Читать книгу Страсть в наследство - Ксения Каретникова - Страница 2
Глава 1. Дана
ОглавлениеВсё-таки это очень странно – ничего о себе не помнить.
Вообще ничего.
Кто ты, как тебя зовут… У человека должно быть имя. И фамилия. И даже отчество – имя отца, которое ты носишь всю свою жизнь. Я не знаю ни одного, ни другого, ни третьего.
Не знаю, кто мои родители. Друзья, приятели… враги…
Где я родилась, выросла, жила… Чем занималась.
Училась. Работала. И было ли это?
Нет воспоминаний. Ничего. Пустота и темнота. Ни лиц, ни образов, ни очертаний…
Жить и не знать своего прошлого – страшно. Может, я сделала кому-то что-то плохое? И так сработало подсознание, спасая и защищая?

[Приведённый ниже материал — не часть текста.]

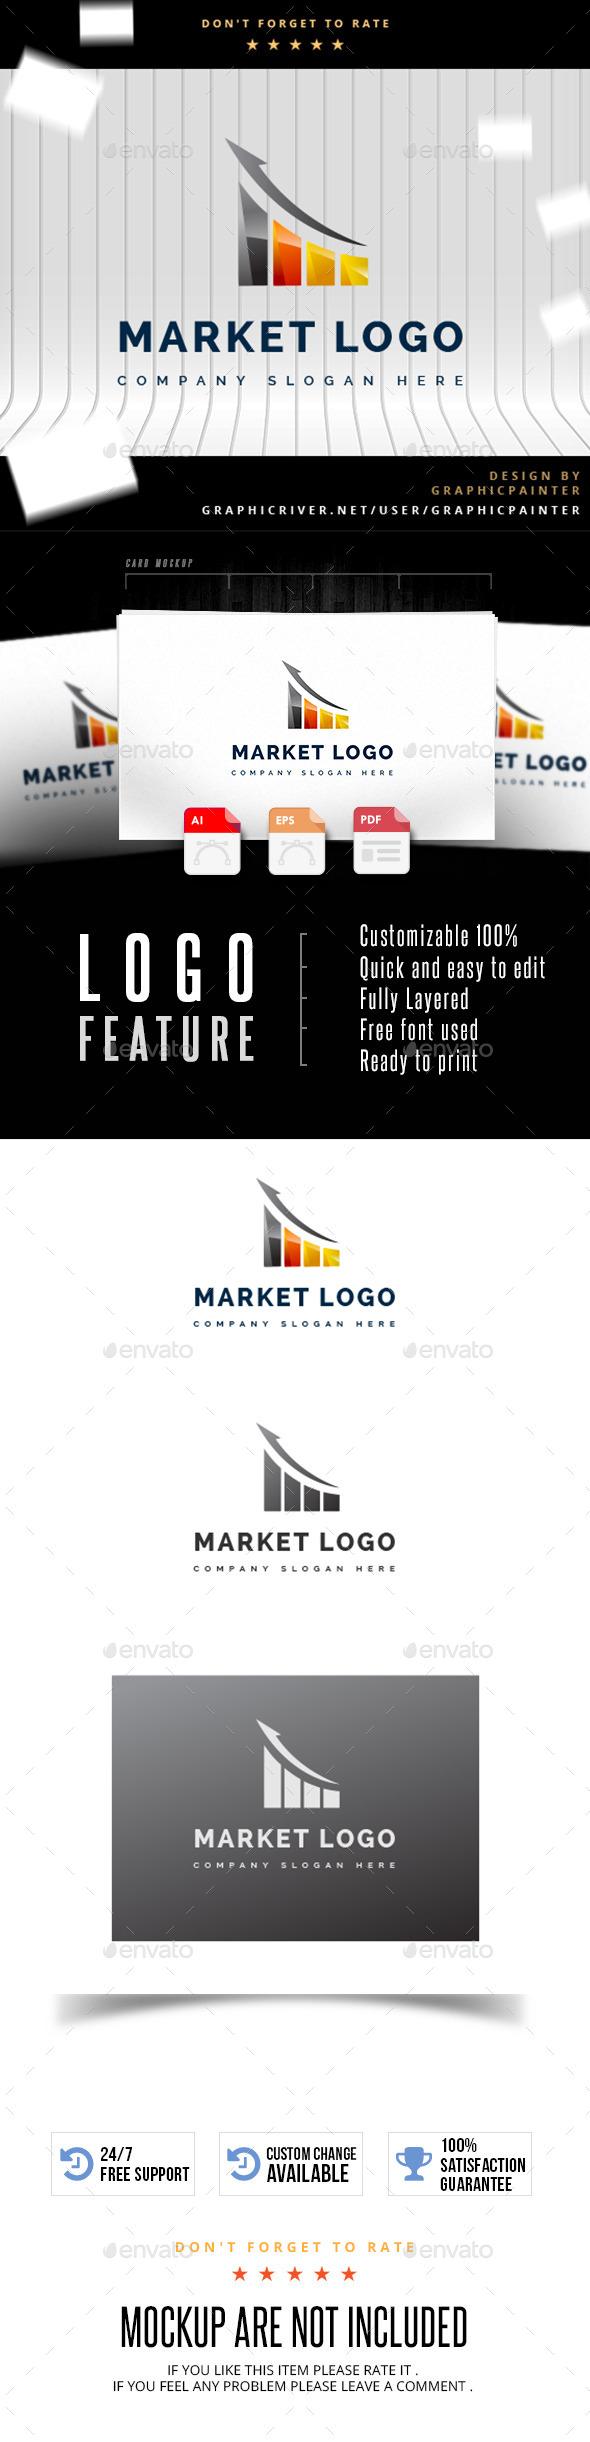 GraphicRiver Market Logo 11250462

Но особенно страшно становится, когда ты начинаешь думать, пытаешься вспомнить. И не можешь! Причем я знаю названия тех или иных вещей, понимаю значение слов, определений, явлений. Знаю, как называются предметы.
Но откуда я это знаю – не помню.
Из-за этого ощущаю себя бездушным запрограммированным роботом, созданным кем-то… Но ведь для чего-то?
Хотя иногда, вспышками, вспоминается что-то. Из-за запахов, слов, жестов и движений людей в памяти проскальзывают мгновения… Но так быстро, что я не успеваю понять и полностью вспомнить этот момент. Да и эти воспоминания, скорее, эмоциональные. Я просто чувствую: страх, злость, радость, счастье. И все так перемешано. Запутано.
Одно скажу точно: я не только разговариваю на русском – я ещё на нем думаю. Значит, мои корни здесь, как сказала Раиса Ивановна.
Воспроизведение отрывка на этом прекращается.